**Work item:** The required result is an exact copy of every line from the one with "Ref 6169, Pantalon" through the last line below, with the pictures left out.

**Material provided:**
------------------------------------------------------------

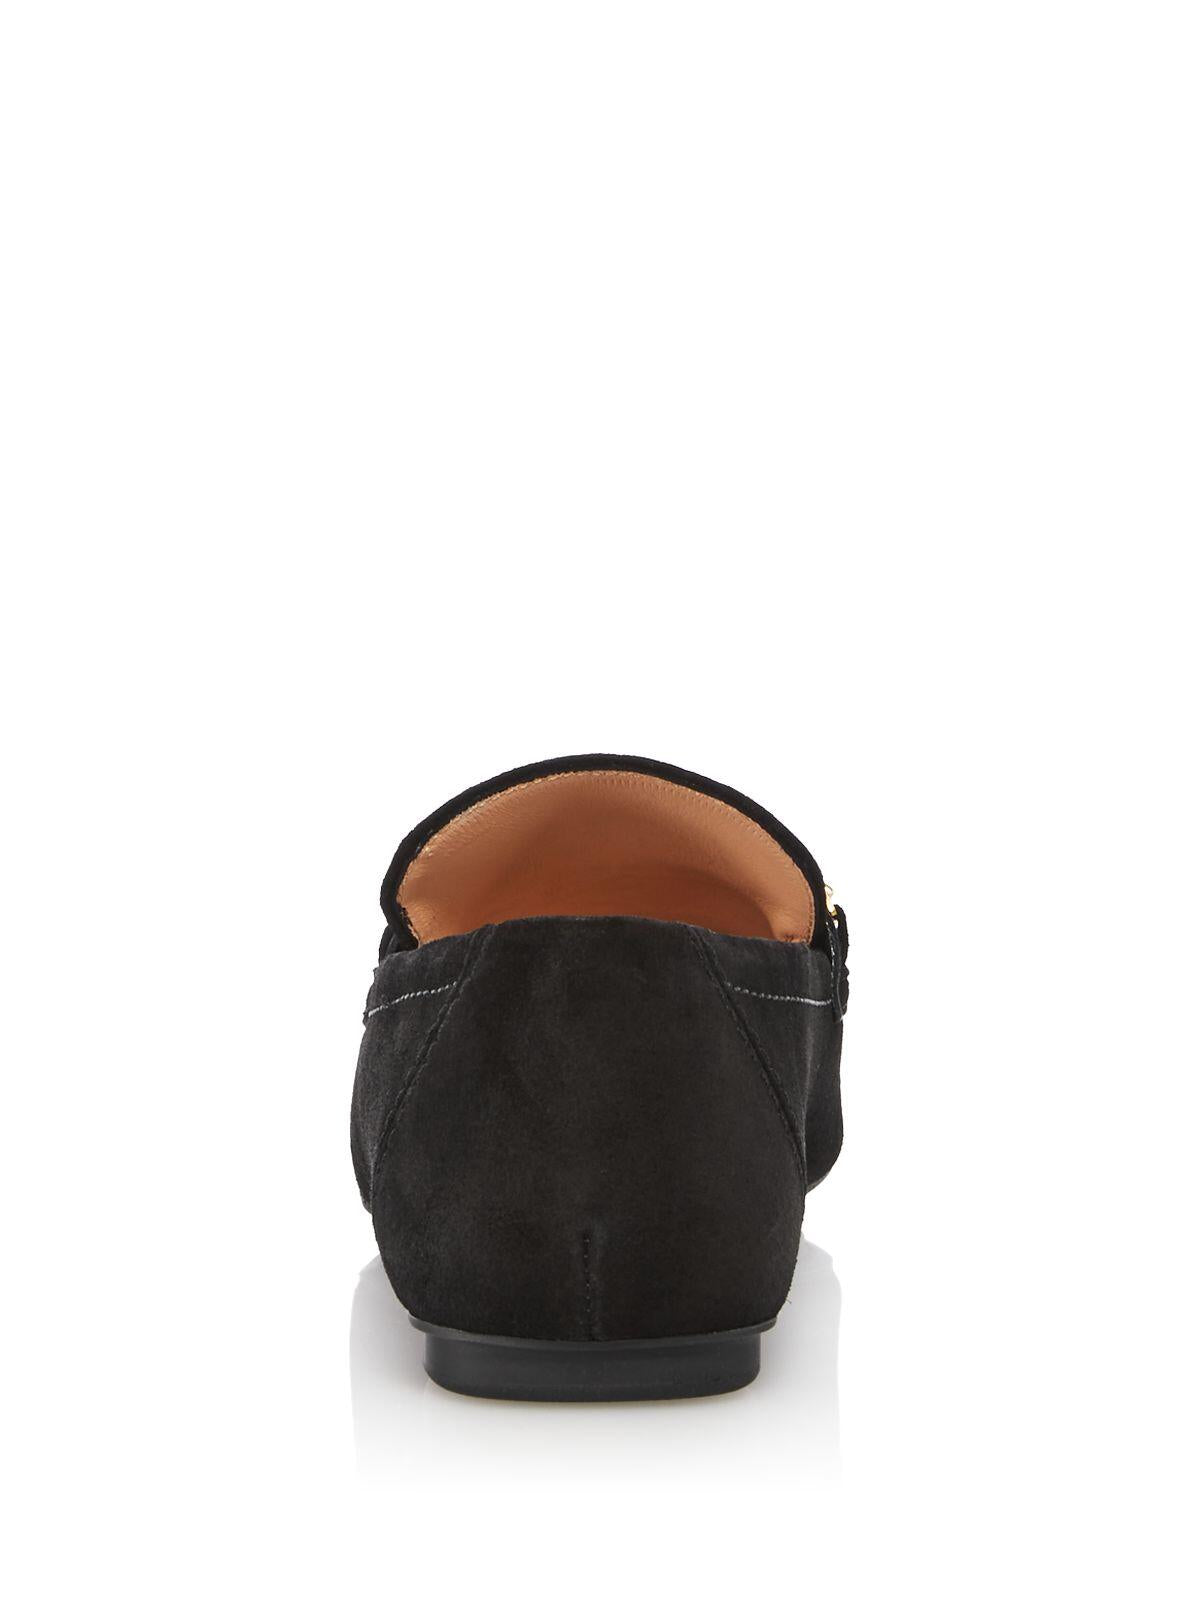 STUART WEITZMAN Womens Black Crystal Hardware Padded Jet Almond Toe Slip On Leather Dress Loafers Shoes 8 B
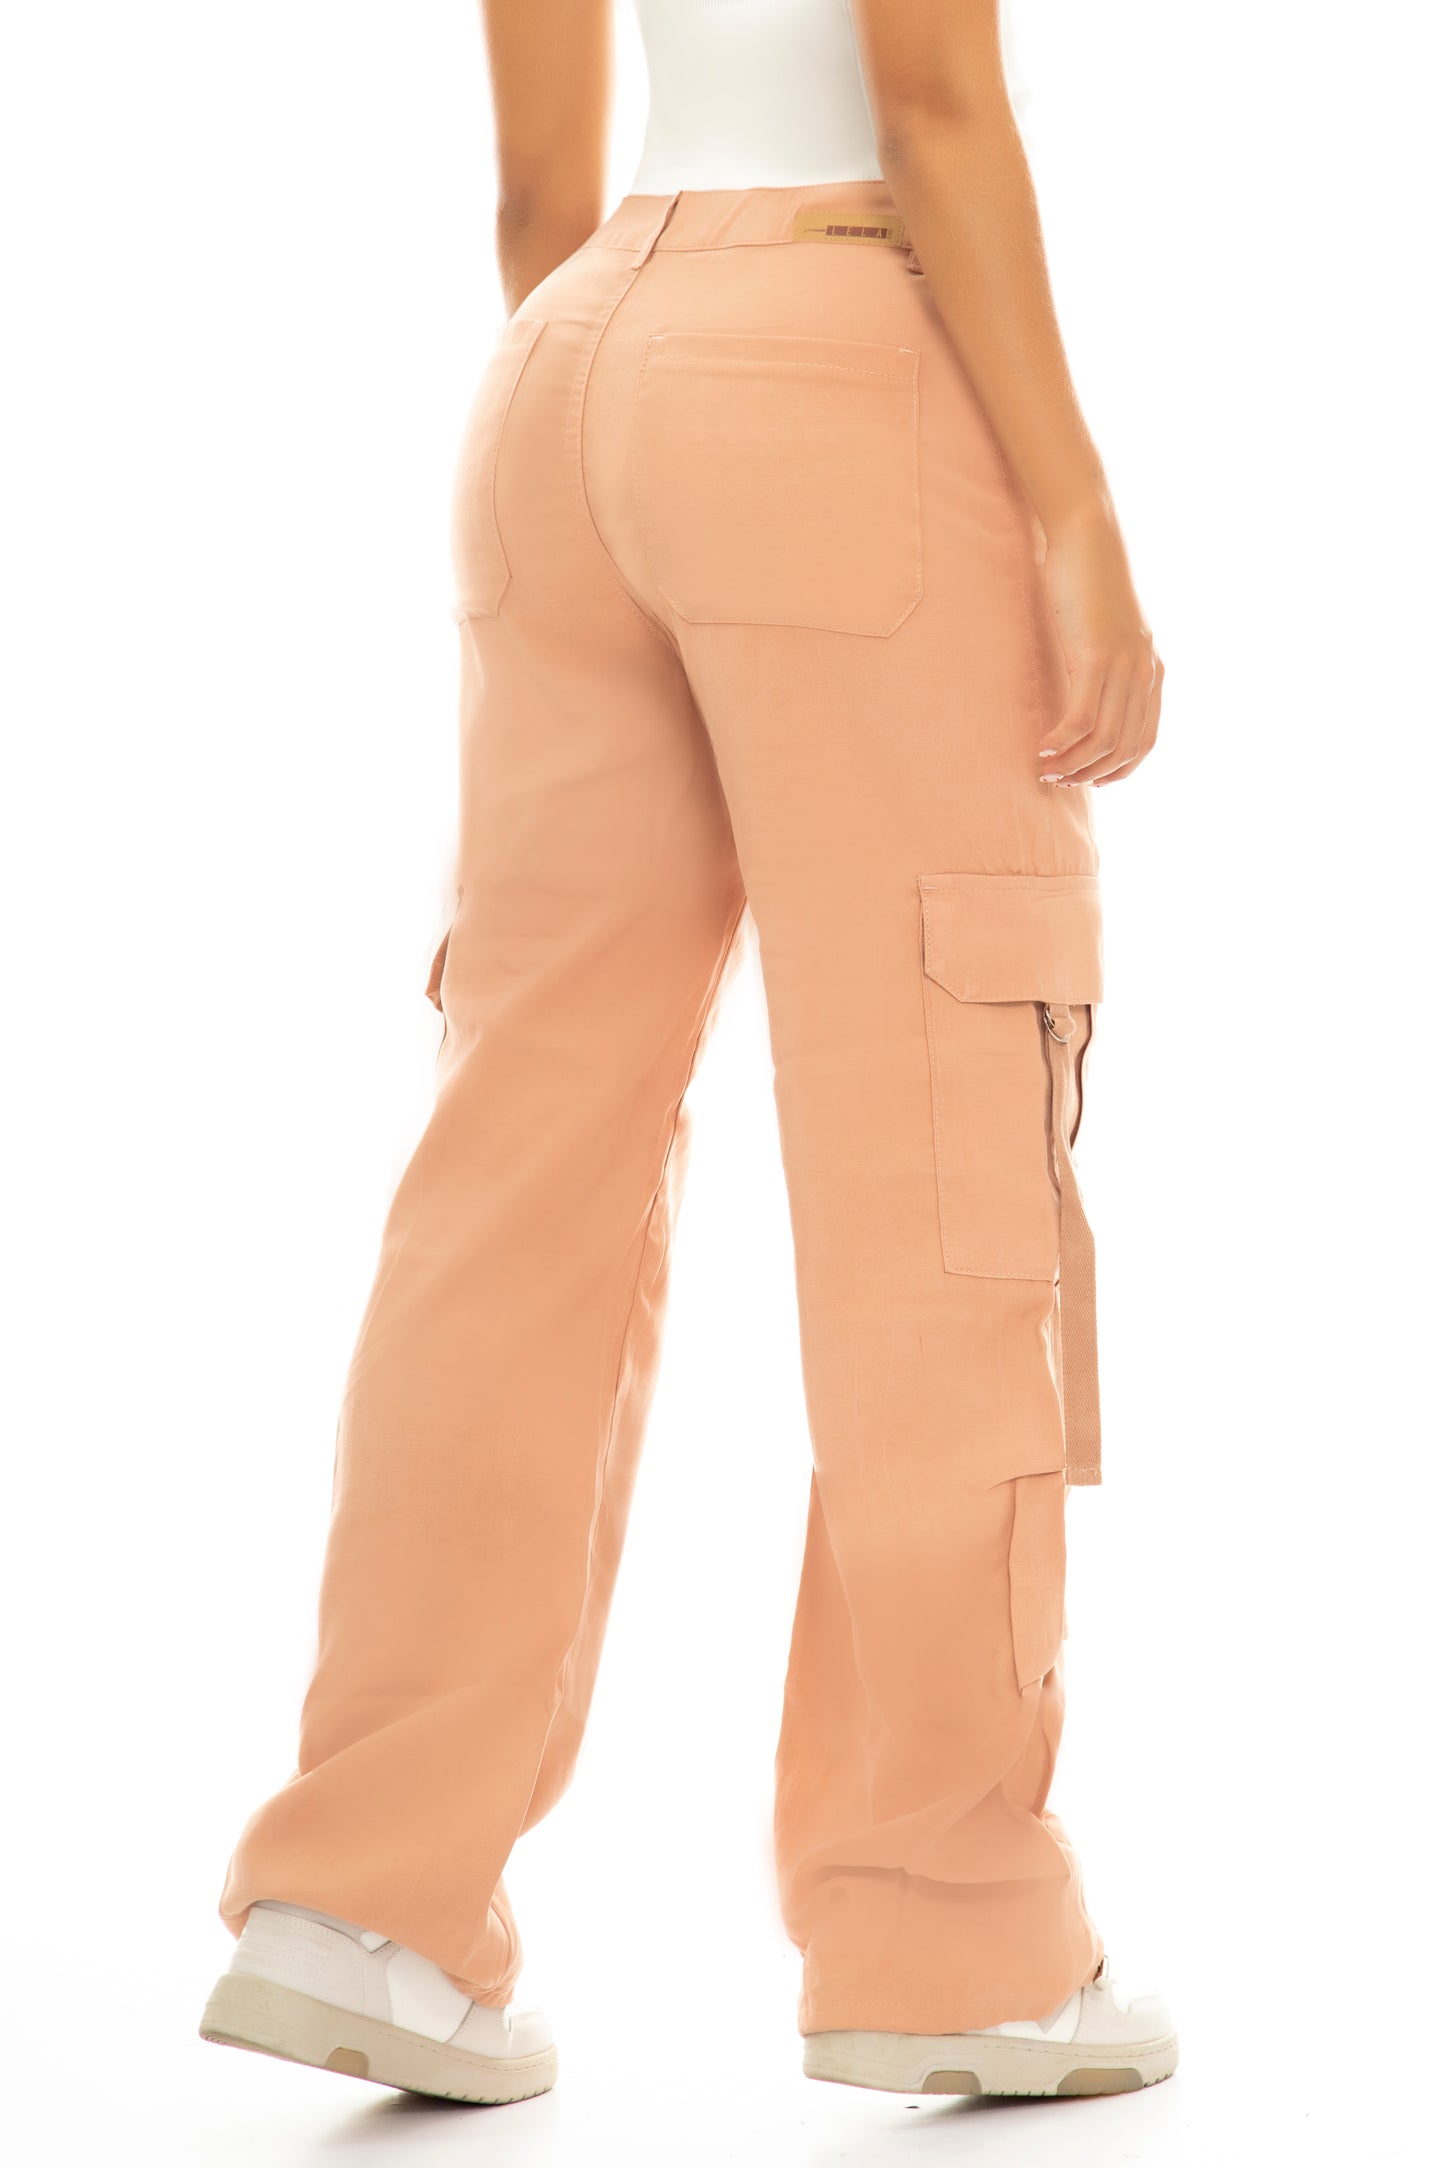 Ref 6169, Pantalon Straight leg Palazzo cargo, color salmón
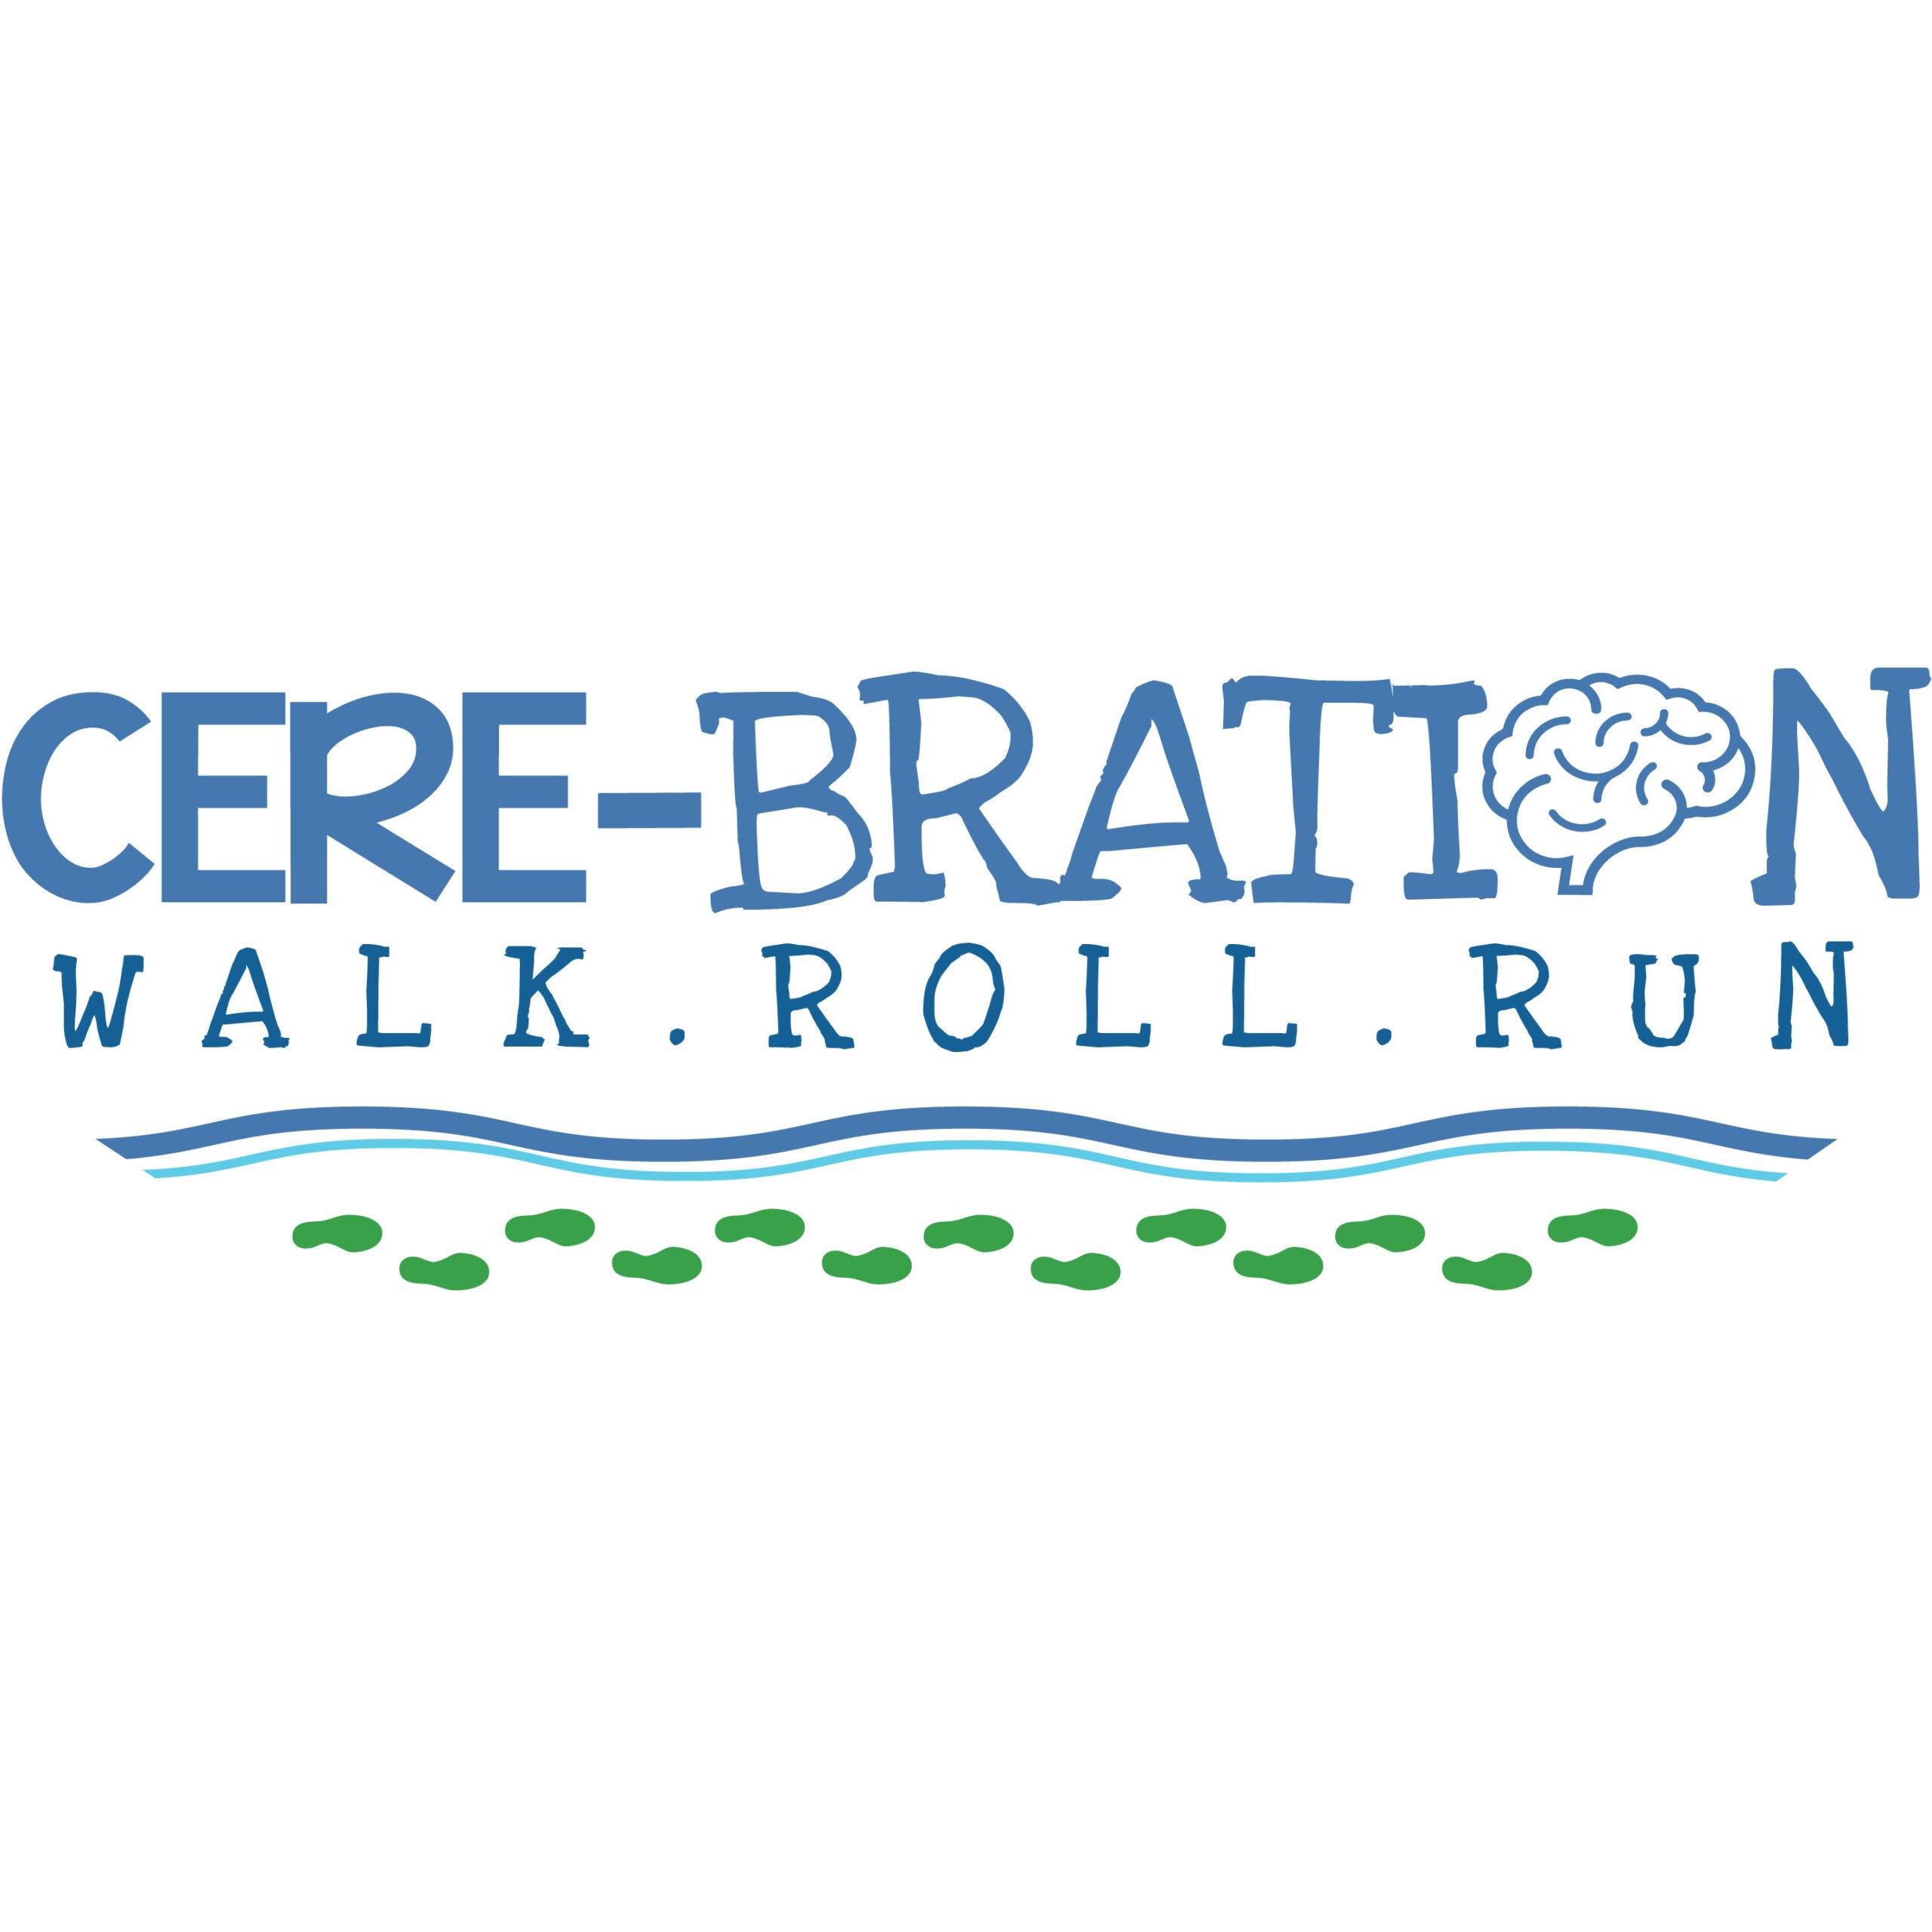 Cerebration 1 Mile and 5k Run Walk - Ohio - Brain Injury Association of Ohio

------------------------------------------------------------

**Exercise solution:**
 Ref 6169, Pantalon Straight leg Palazzo cargo, color salmón
 Cerebration 1 Mile and 5k Run Walk - Ohio - Brain Injury Association of Ohio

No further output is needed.